In Parasi, 125 miles southwest of Katmandu, an official said hundreds of protesters were pelting police with stones and bricks when the police opened fire with live ammunition, killing one and injuring five.

Authorities imposed a curfew in the town afterward, said the official, who asked not to be identified because he was not authorized to speak to reporters.

The official's account could not be independently verified, although in the past days many demonstrations have ended in street battles between protesters and security forces.

Still, with three other people shot and killed at protests over the weekend and scores beaten, the United Nations on Tuesday said the police and army were using excessive force.

Officials have lifted a curfew in Katmandu that had kept the capital in virtual lockdown for days, although they remained in place in the cities of Pokhara and Bharatpur.

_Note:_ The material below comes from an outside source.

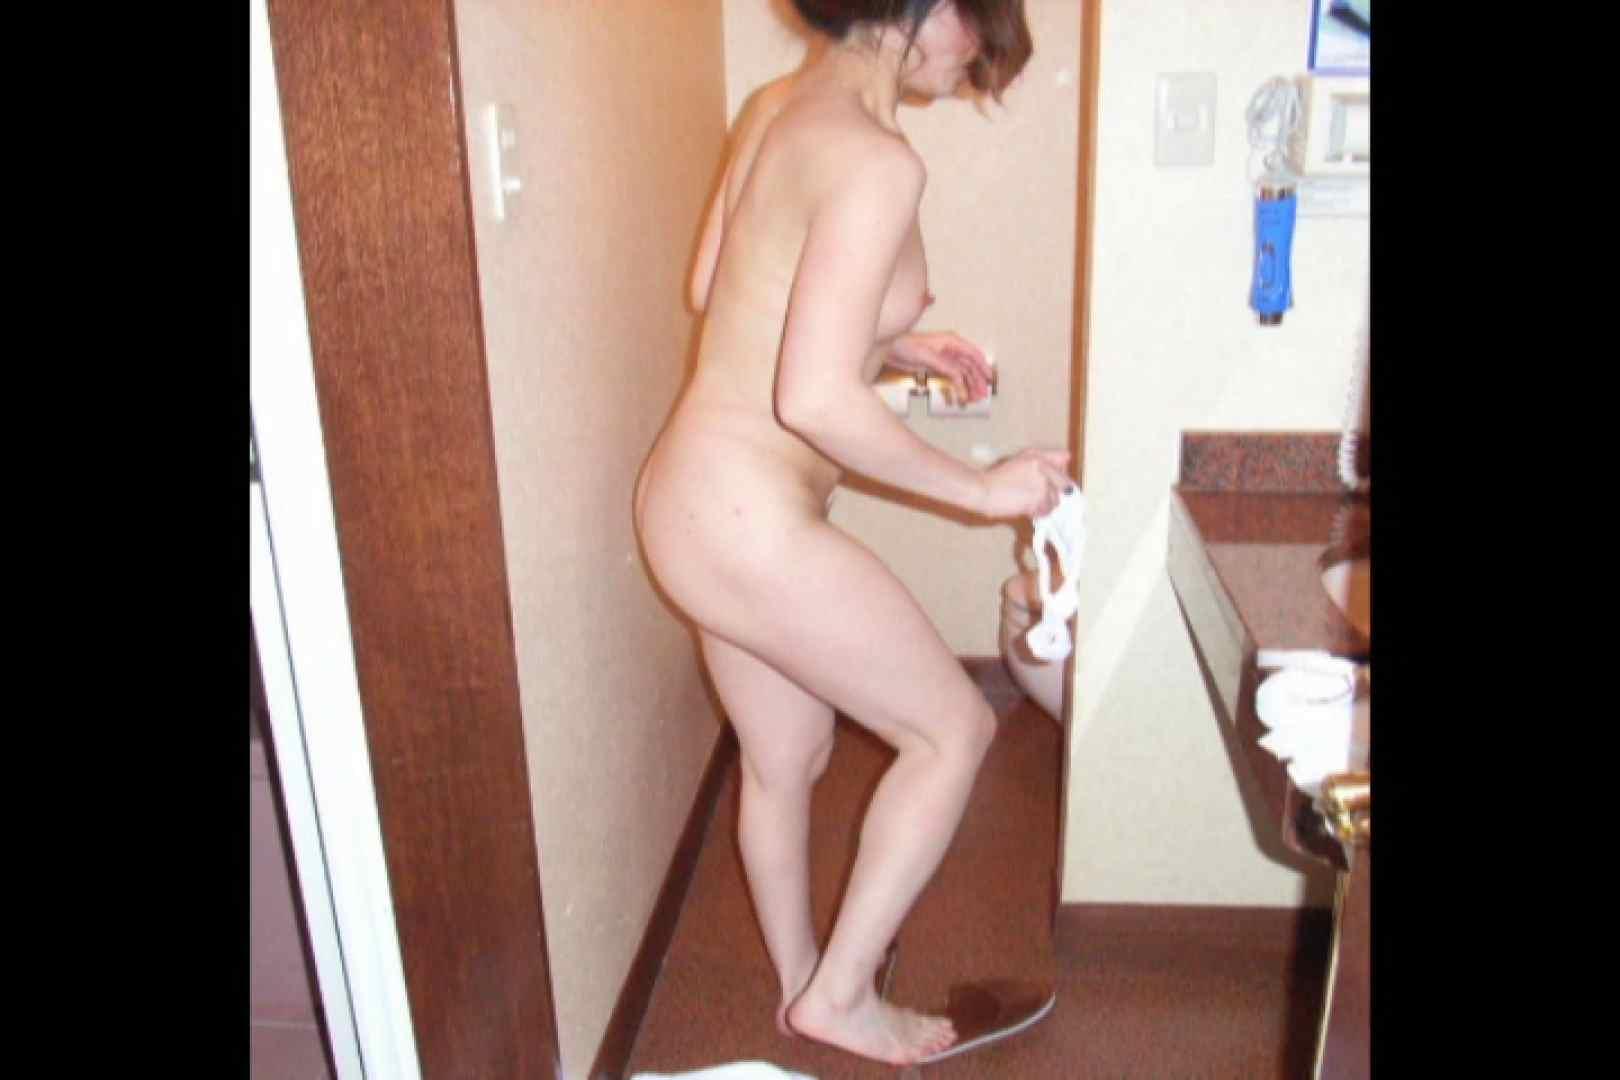 某掲示板に投稿された素人女性たちVOL.9 ホテル  94PIX 18

Protesters in Katmandu had planned to converge in the capital's center for a mass rally, defying a ban on demonstrations. But police stopped at least a half-dozen processions of a few hundred people each that were heading toward the Shahid Manch, an open area in the city center where political rallies were held until the government banned such gatherings.

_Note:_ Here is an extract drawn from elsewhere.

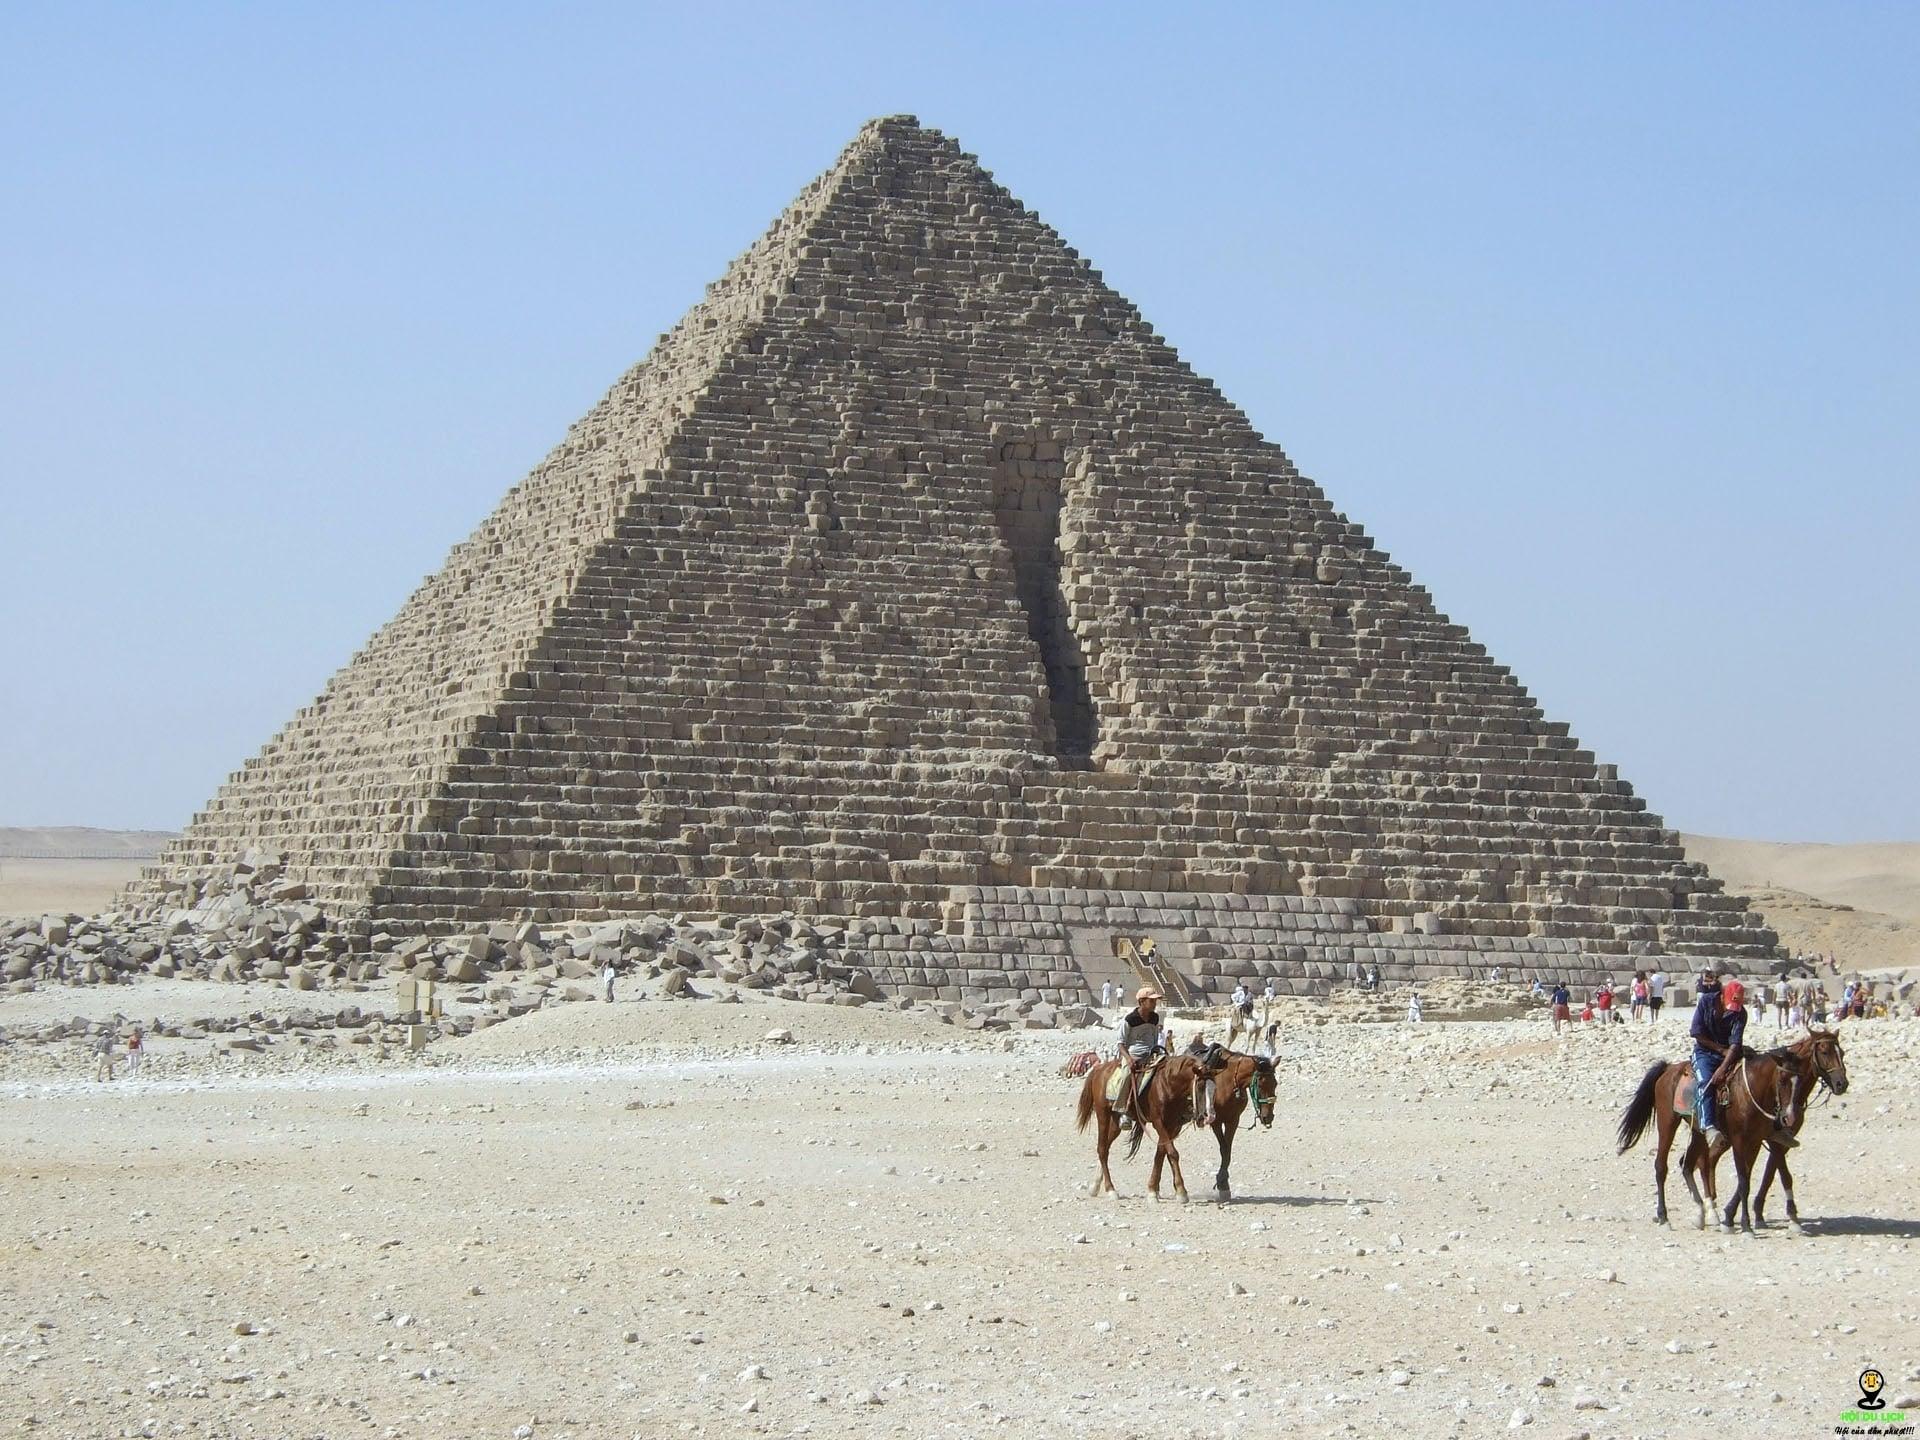 Kết quả hình ảnh cho kim tự tháp Menkaure

The area was also cordoned off by hundreds off police, who even threatened pedestrians, and some 20 protesters who managed to slip through police lines were promptly arrested.

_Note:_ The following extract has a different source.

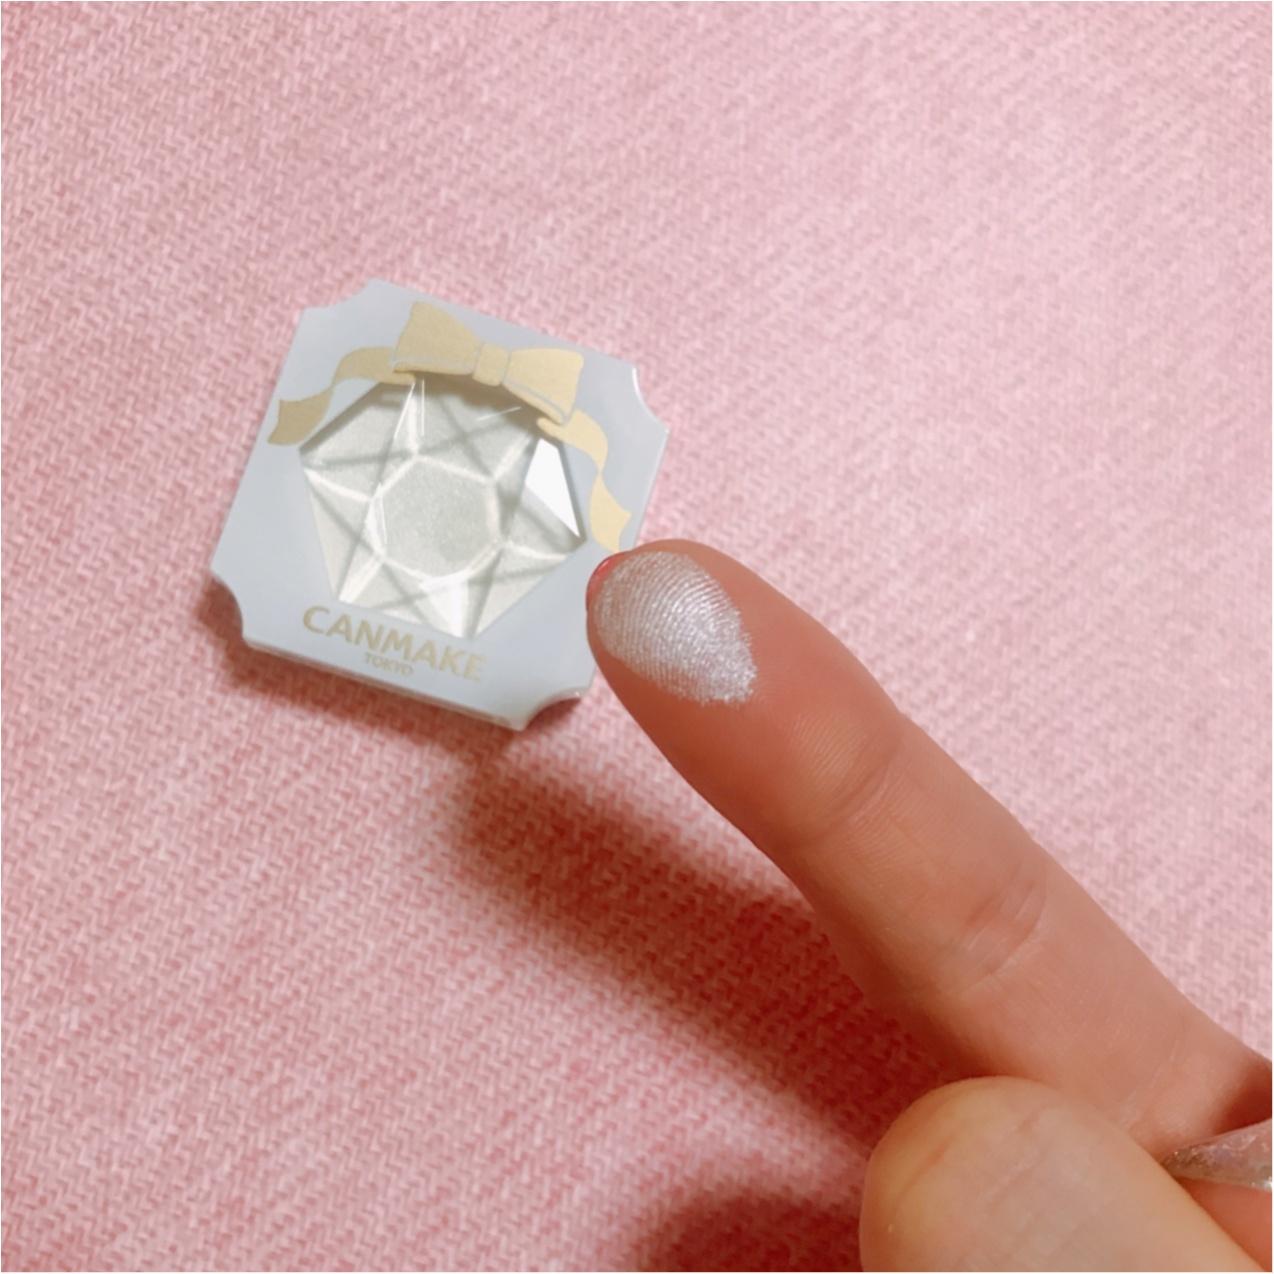 【キャンメイク】600円でツヤ肌に♡ 《クリームハイライター》が使えるっ!_2

The opposition intended Wednesday's rally to be the major protest of the past week.

Its alliance with the communist rebels has prompted the government to threaten harsher measures against demonstrators — a fact that "created confusion" and may have scared people away from Wednesday's protest, said Pancha Narayan Maharjan, of the Center for Nepal and Asian Studies.

Across the rest of Katmandu, residents streamed into the streets to work, shop or just enjoy life outside their homes.

Gopal Shrestha was back at his small makeshift roadside stand where he sells sunglasses, relieved he had been able to return to work.

"People inside don't need sunglasses," he said.

Throughout the crisis, Gyanendra has remained mostly silent, spending his days in the resort town of Pokhara, and making just a single statement that called for calm but did not directly address protesters' demands for democracy to be restored.

He was expected to make a major speech Friday, the Nepali new year.

One palace faction is pushing Gyanendra to make an overture to the opposition, said a Western diplomat familiar with the situation. An opposing faction is urging the monarch to stick to his "roadmap" calling for parliamentary elections next year, said the diplomat, who spoke on the condition of anonymity because of the sensitivity of the situation.

The country's political parties are likely to reject any elections called on the king's timetable, demanding instead that a special assembly be convened now to write a new constitution, which would likely give Gyanendra only a limited, ceremonial role.

The State Department said this week that the king's decision to impose direct palace rule had been "an abject failure."